Prefix caching addresses another cost: requests that share a common prefix, such as a fixed system prompt prepended to every user message, re-run the same prefill computation on every request. Systems like vLLM and SGLang can cache the KV activations for a known prefix and reuse them across requests, converting repeated prefill work into a cache hit.

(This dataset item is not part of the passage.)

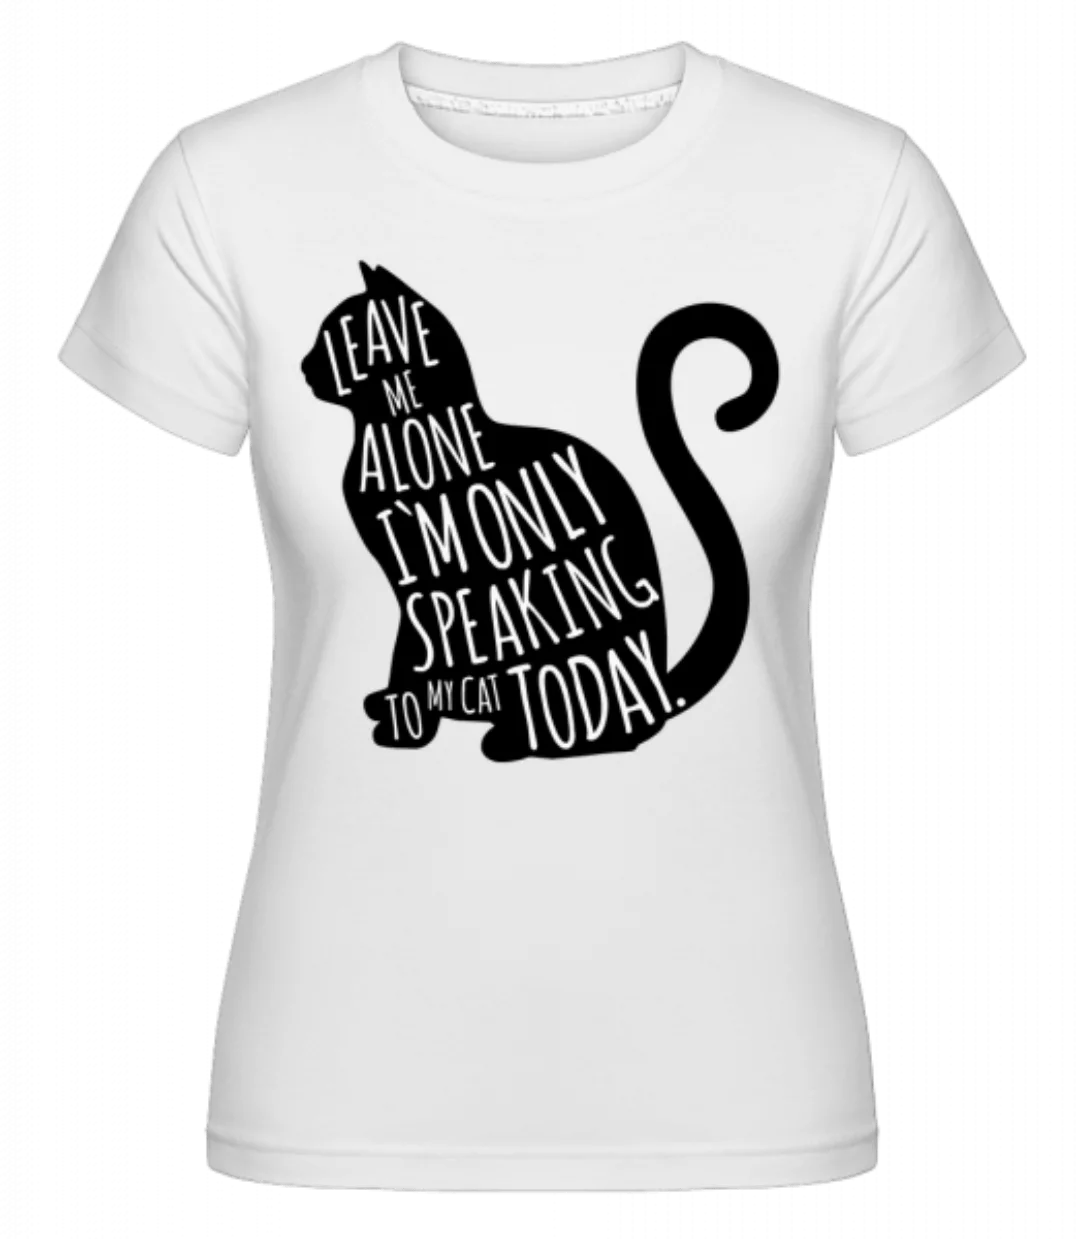 Only Speaking To My Cat · Shirtinator Frauen T-Shirt günstig online kaufen

These are all responses to specific costs that emerge from running a continuous batch at scale. Each one trades something: chunked prefill trades individual prompt latency for decode stability; speculative decoding trades extra compute on the draft model for better memory bandwidth utilization; prefix caching trades memory for repeated prefill avoidance. Understanding why each exists makes it easier to decide which ones a given deployment needs.
The Broader Pattern
Continuous batching restructures the latency-throughput trade-off rather than eliminating it. Higher throughput comes from overlapping more concurrent requests, at the cost of higher and less predictable per-request latency under load. Each subsequent refinement narrows a specific failure mode of the basic scheduler: chunked prefill handles prefill interference, speculative decoding addresses memory bandwidth in the decode phase, and prefix caching eliminates redundant prefill work.
The HuggingFace article is a solid grounding in the fundamentals, worth reading if you want to understand what iteration-level scheduling is doing mechanically. The engineering built on top of it is what determines whether those fundamentals translate into a deployment that behaves well under real traffic.